NCEH measures environmental chemicals in people to determine how to protect people and improve their health. Following are examples of such activities that NCEH conducted or supported in Alabama.

Funding

  • Antiterrorism Funding to Increase State Chemical Laboratory Capacity—In fiscal year 2003, CDC provided more than $1.8 million to Alabama to help the state expand its chemical laboratory capacity to prepare for and respond to chemical-terrorism incidents and other chemical emergencies. This program expansion will allow full participation of chemical-terrorism response laboratories in the Laboratory Response Network.

Studies

  • Measuring Folic Acid Levels in Healthy Adults—The NCEH laboratory, in partnership with the University of South Alabama, will examine the process by which folic acid is absorbed, distributed, and metabolized in healthy adults. The study also will determine whether unmetabolized plasma folic acid can adversely influence homocysteine levels in some people. NCEH will analyze 2,100 plasma samples. Survey results are expected in mid-2004.
     
  • Blood Lead Screening in Alabama—In response to community concerns about possible elevations in blood lead levels among the children of Anniston, the Agency for Toxic Substances and Disease Registry (ATSDR) facilitated a lead screening program in spring 2001. This screening program focused on children younger than 6 years of age who live in select areas of Anniston. With collaboration of the Community Against Pollution group, regional Head Start programs, Northeast Alabama Regional Medical Center’s Wellness Connection, county and city school systems, and Anniston community centers, ATSDR screened 410 children.

    The NCEH laboratory analyzed the blood samples. Four of the children tested had blood lead levels greater than 10 micrograms of lead per deciliter of blood (µg/dL).
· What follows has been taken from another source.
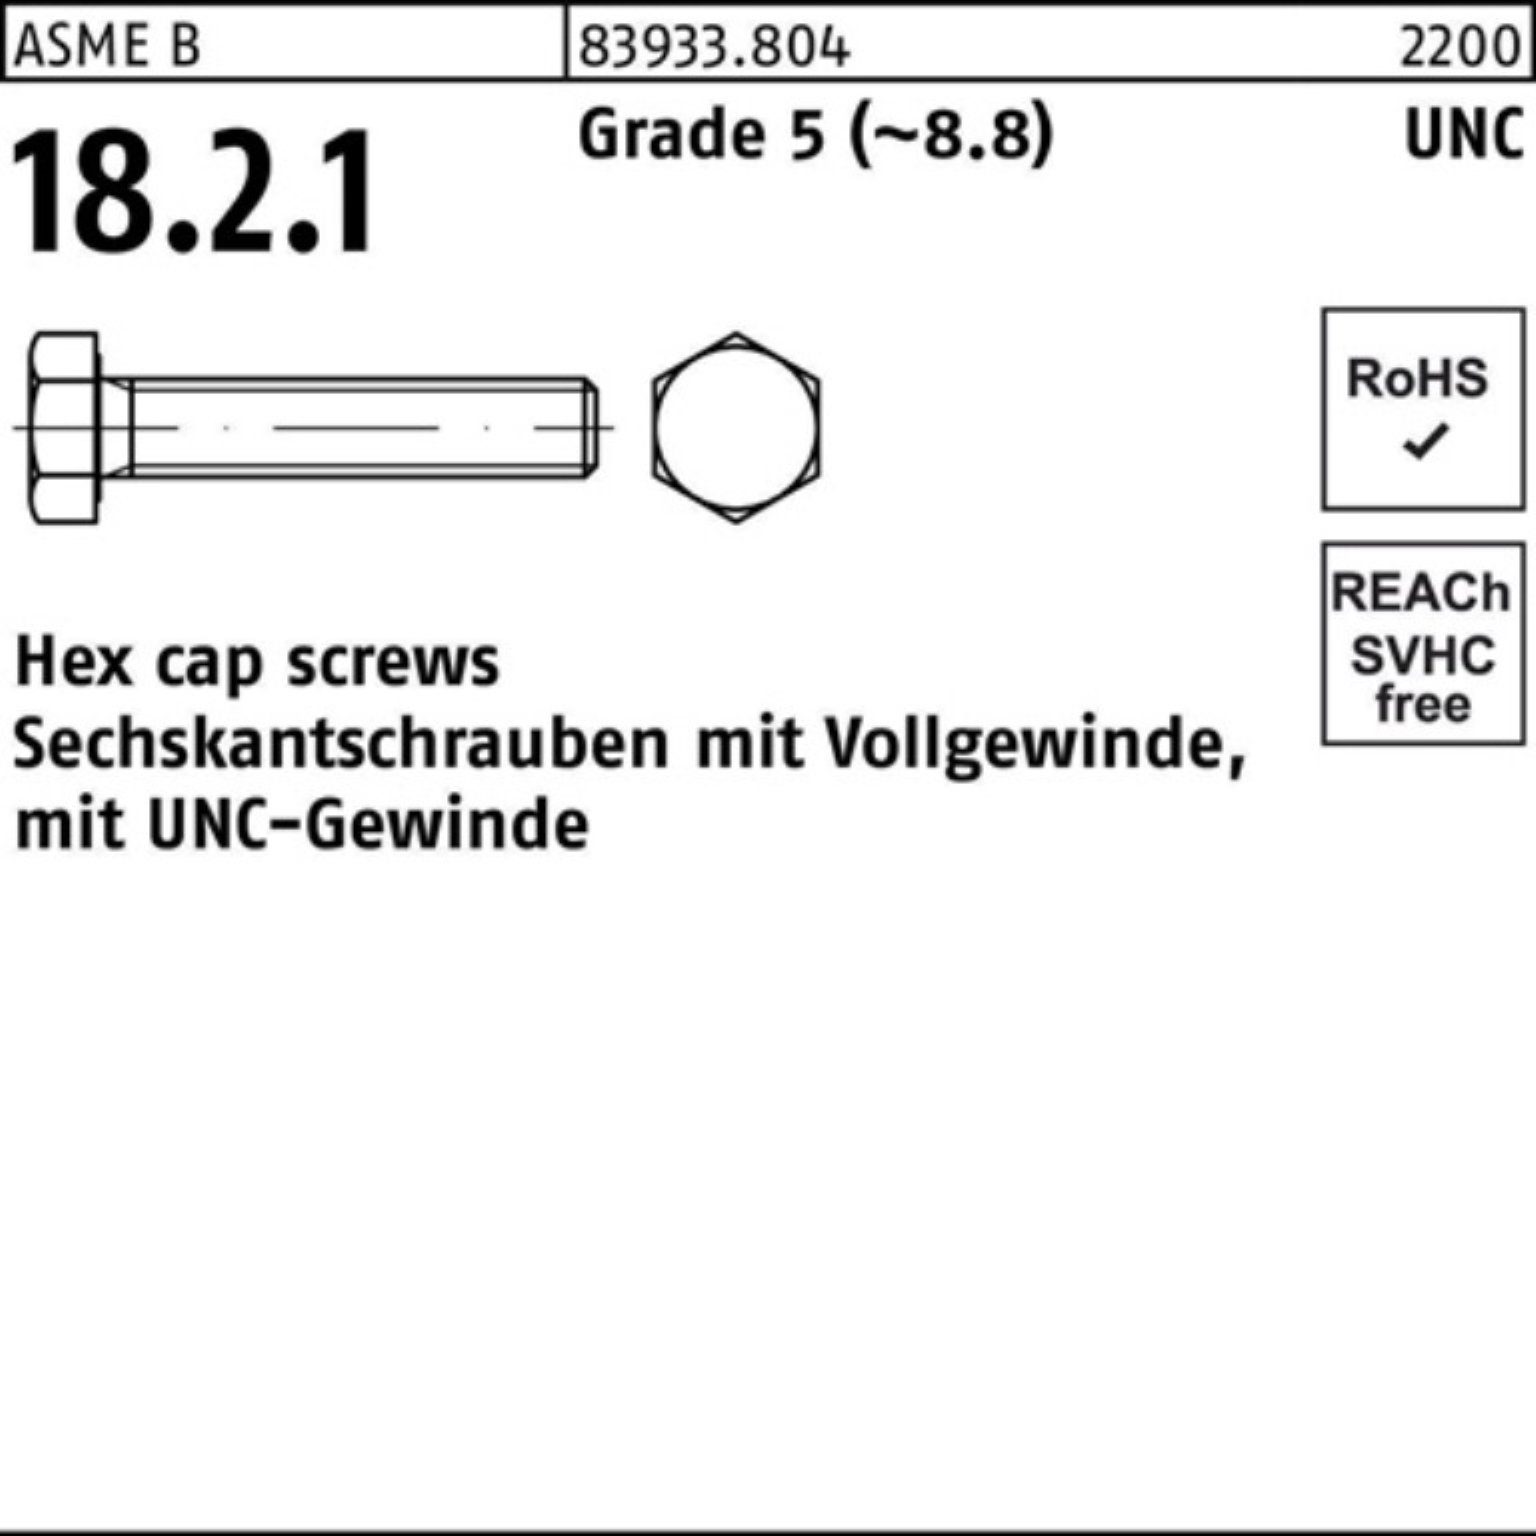 Reyher Sechskantschraube 100er Pack Sechskantschraube R 83933 UNC-Gewinde VG 1/2x 1 1/4 Grade 5

Although project results do not provide a complete picture of blood lead levels in Anniston, they indicate that less than 1% of the population tested had blood lead levels higher than the CDC guideline of 10 µg/dL. Screening project results also indicated that approximately 25% of the children had blood lead levels between 5 and 10 µg/dL. Although these findings provided evidence that children in Anniston are being exposed to lead, the source of the lead is unknown. The health risks associated with these low blood lead levels are not clear, but this evidence points to the need for continued blood screening and education for exposure prevention.

Services

  • Helping State Public Health Laboratories Respond to Chemical Terrorism—NCEH is working with Alabama’s public health laboratory to prepare state laboratory scientists to measure chemical terrorism agents or their metabolites in individuals’ blood or urine. The NCEH laboratory is transferring analytic methods for measuring chemical terrorism agents (including cyanide-based compounds and other chemicals) to Alabama. In addition, the NCEH laboratory instituted a proficiency-testing program to measure the compatibility of the state’s analytic results with results from the NCEH laboratory.
     
  • Blood Lead Laboratory Reference System (BLLRS)—Six laboratories in Alabama participate in NCEH’s standardization program to improve the overall quality of laboratory measurements of blood lead levels. This program helps laboratories nationwide evaluate their performance on these critical laboratory tests. NCEH provides BLLRS materials to the laboratories four times a year without charge.
     
  • Newborn Screening Quality-Assurance Program—NCEH provided proficiency-testing services and dried-blood-spot, quality-control materials to monitor and help assure the quality of screening program operations for newborns in Alabama. The importance of accurate screening tests for genetic metabolic diseases cannot be overestimated. Testing of blood spots collected from newborns is mandated by law in almost every state to promote early intervention that can prevent mental retardation, severe illness, and premature death.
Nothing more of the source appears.